■ What you are asked to do:
Could you write out, exactly as they stand, only the lines in the listing below from the line with "L'uovo: uno degli alimenti più pregiati." to the line with "Кастинг на участь", both ends included, without the pictures?

■ Record excerpts:
- Opening Delimiter -
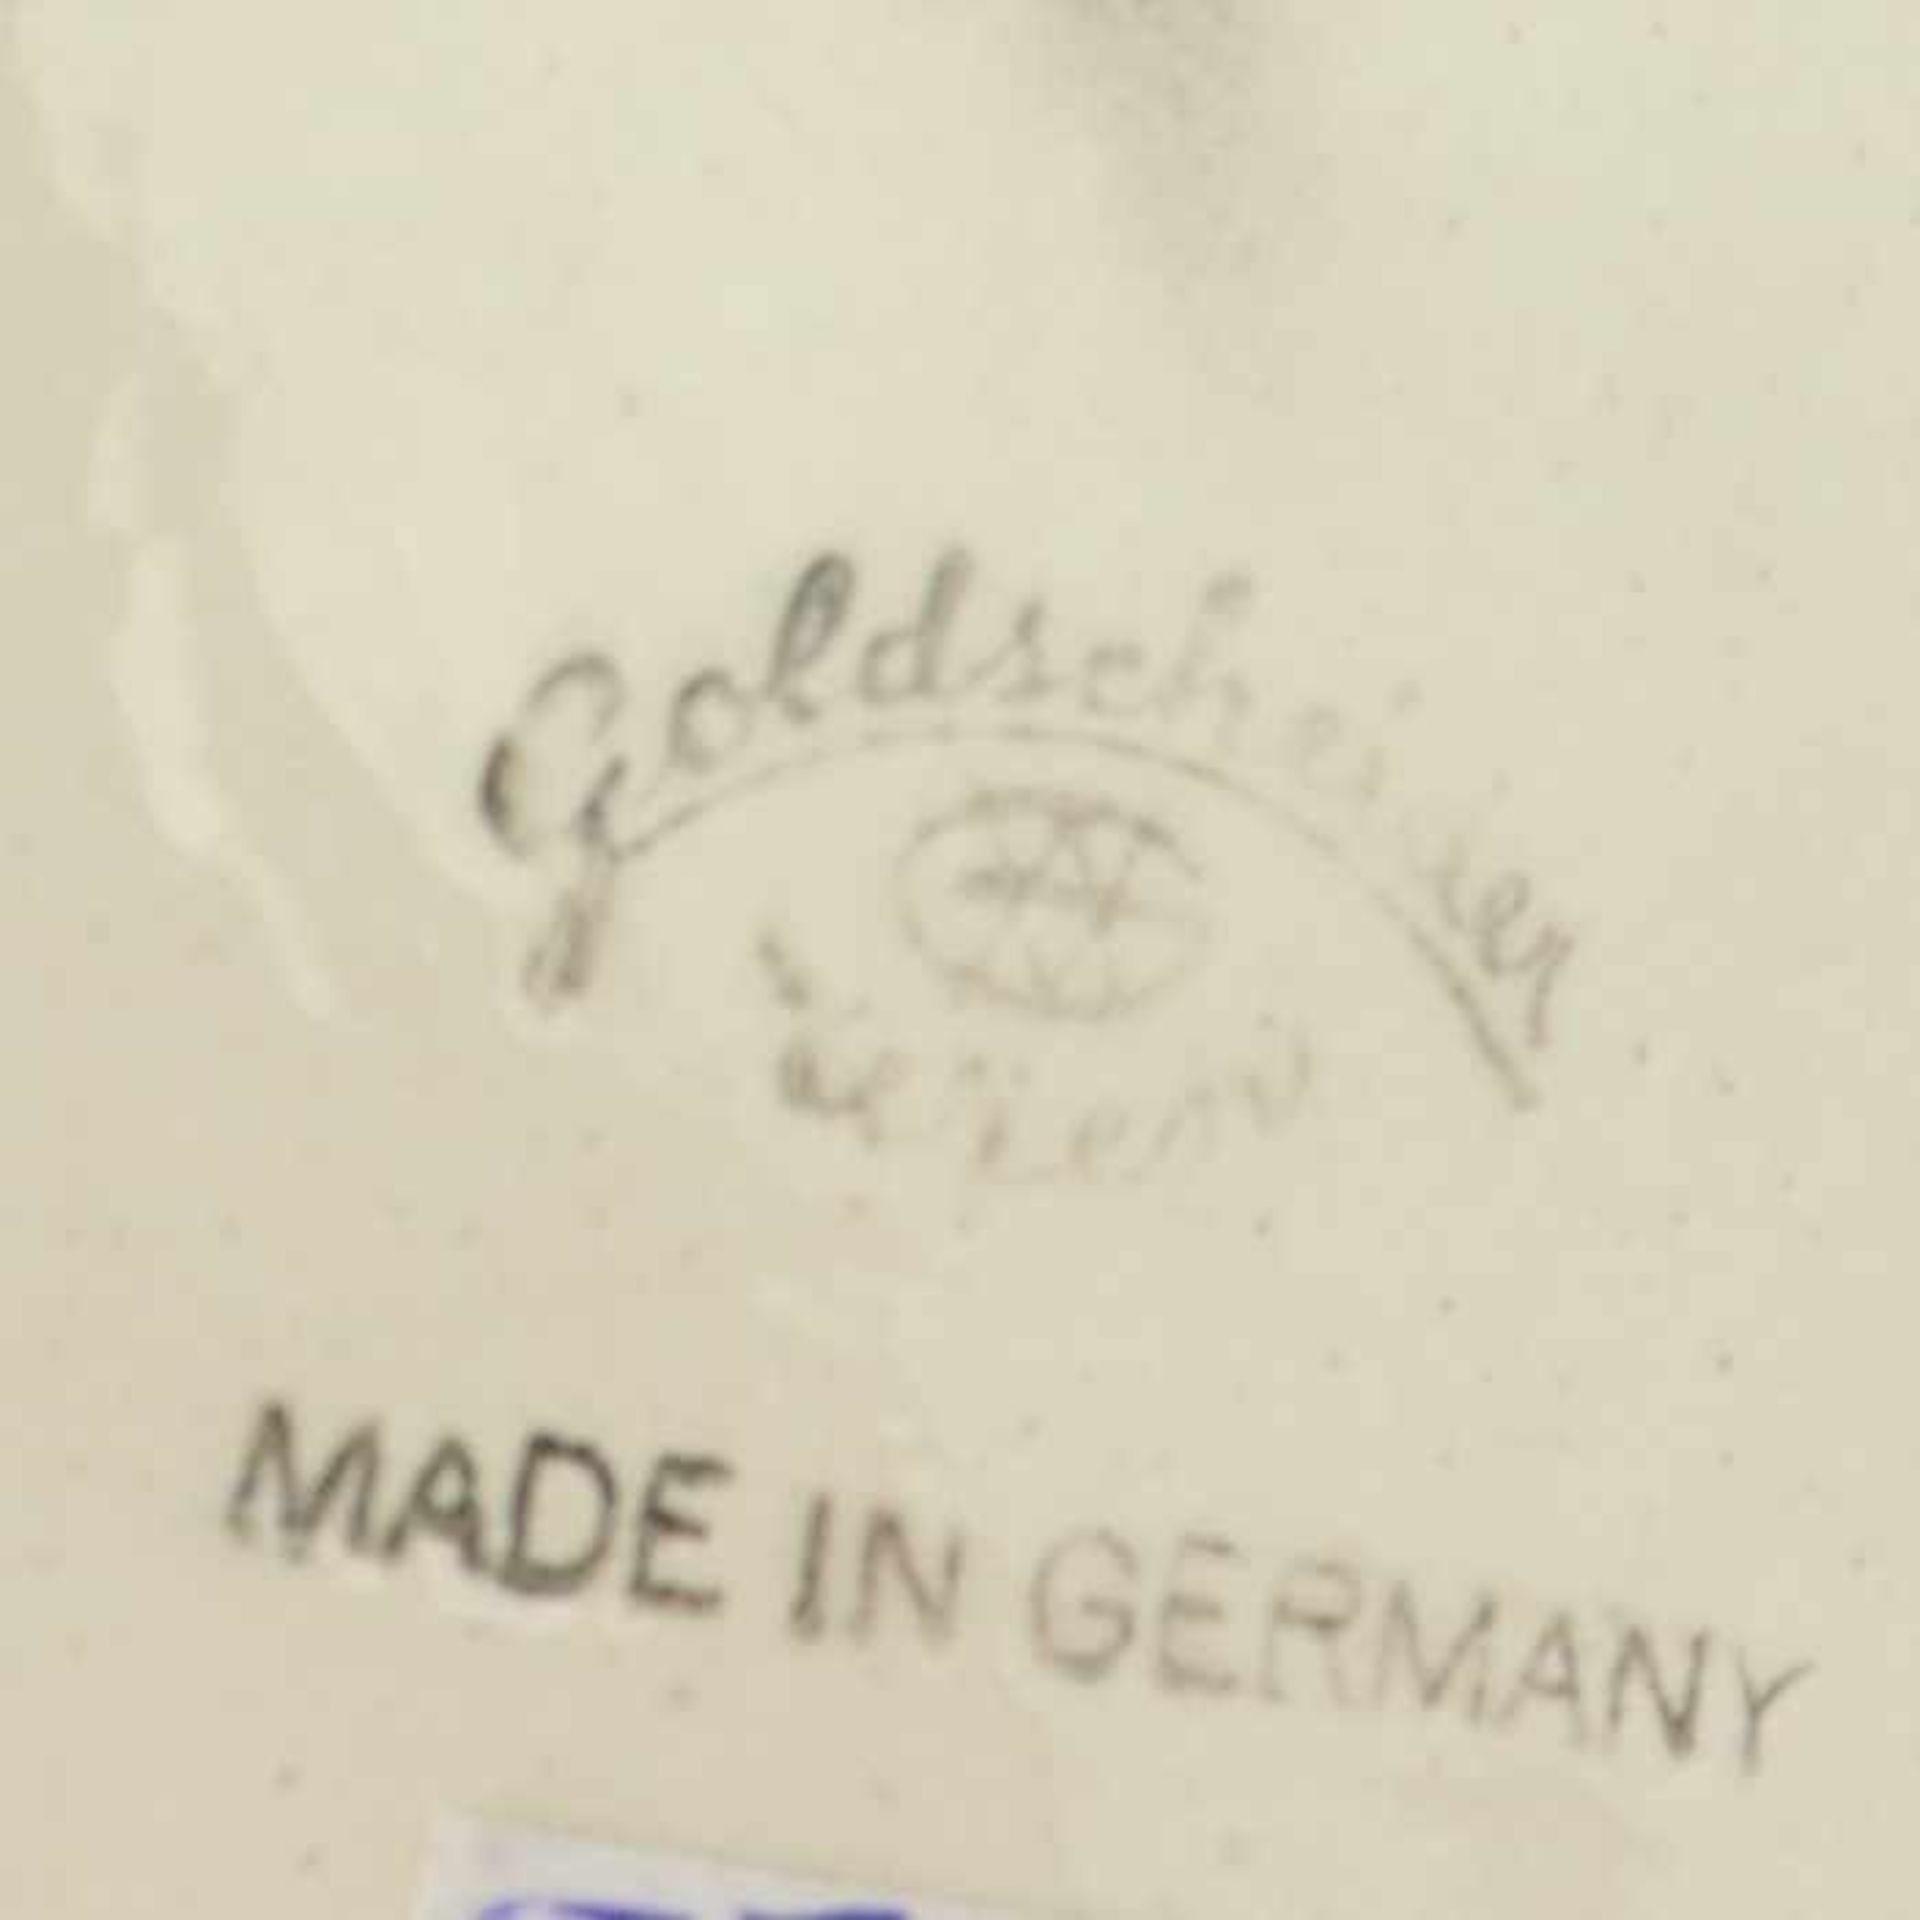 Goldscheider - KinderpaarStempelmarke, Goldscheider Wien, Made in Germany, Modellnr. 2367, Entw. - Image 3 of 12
- Closing Delimiter -
- Opening Delimiter -
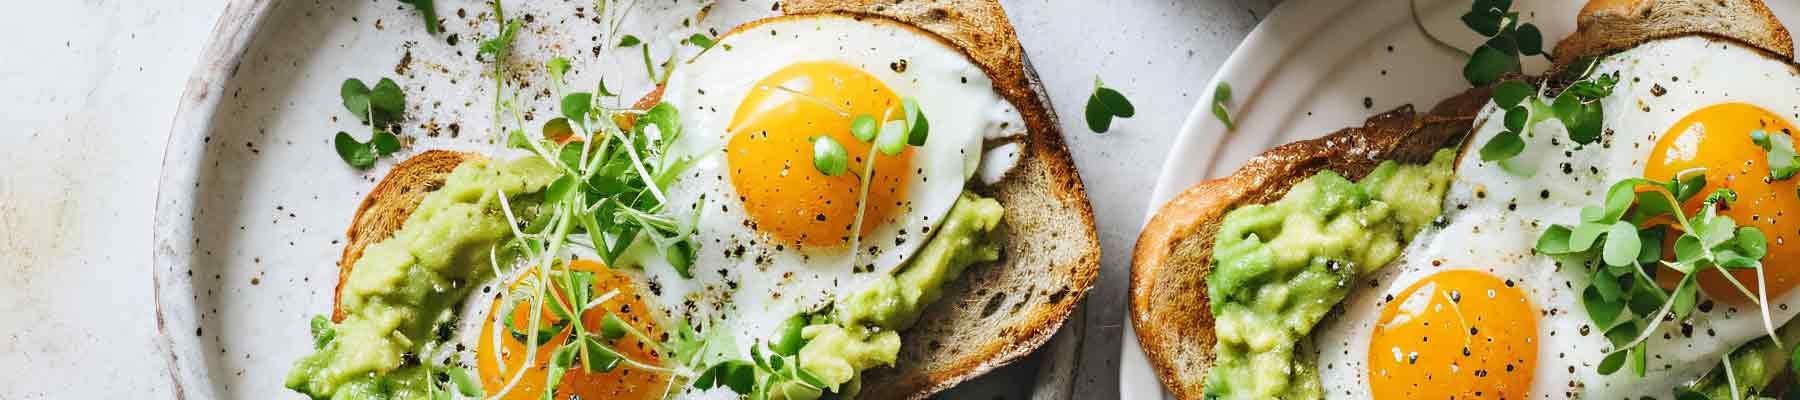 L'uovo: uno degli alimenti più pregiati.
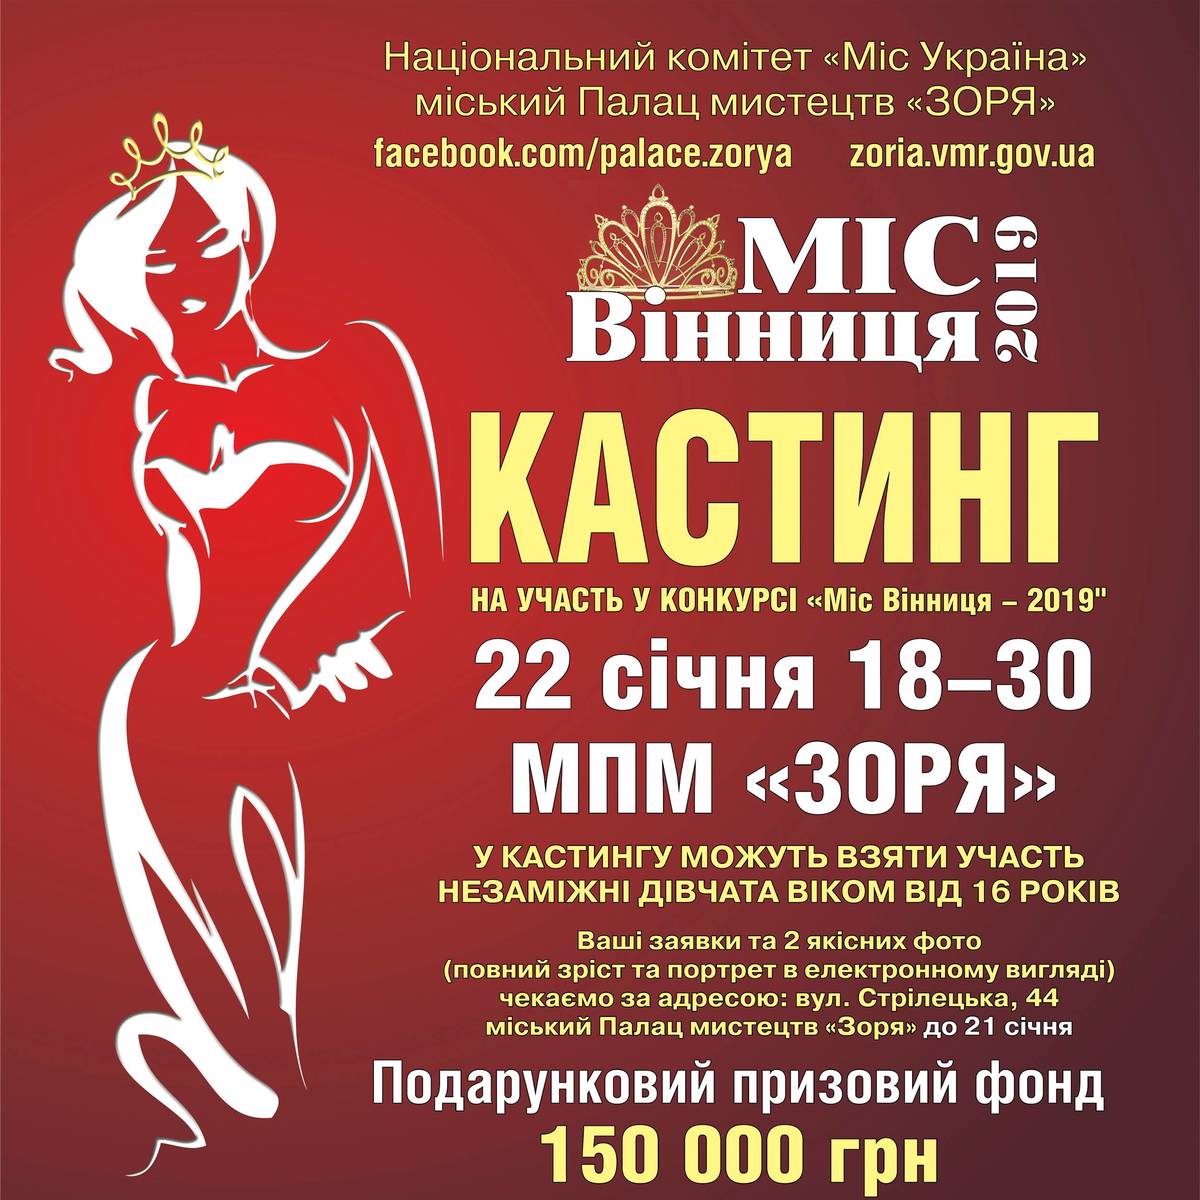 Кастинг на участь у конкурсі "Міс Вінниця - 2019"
- Closing Delimiter -
- Opening Delimiter -
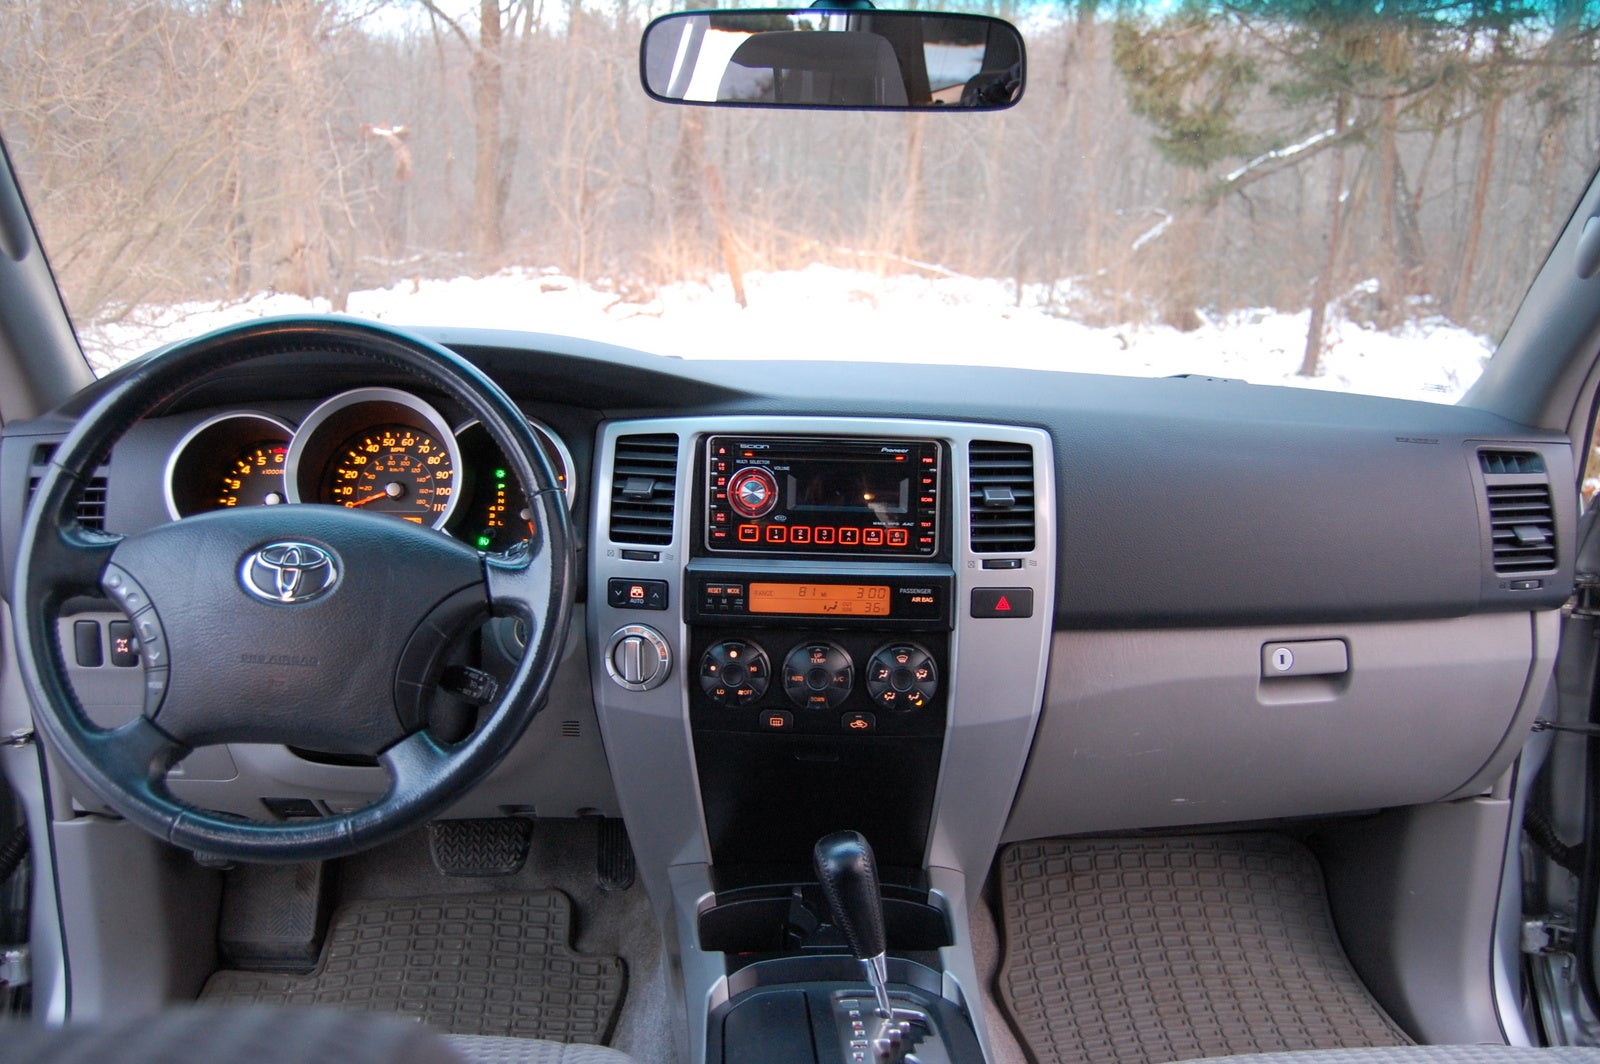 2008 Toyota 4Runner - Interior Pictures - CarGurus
- Closing Delimiter -
■ Answer box:
 L'uovo: uno degli alimenti più pregiati.
 Кастинг на участь у конкурсі "Міс Вінниця - 2019"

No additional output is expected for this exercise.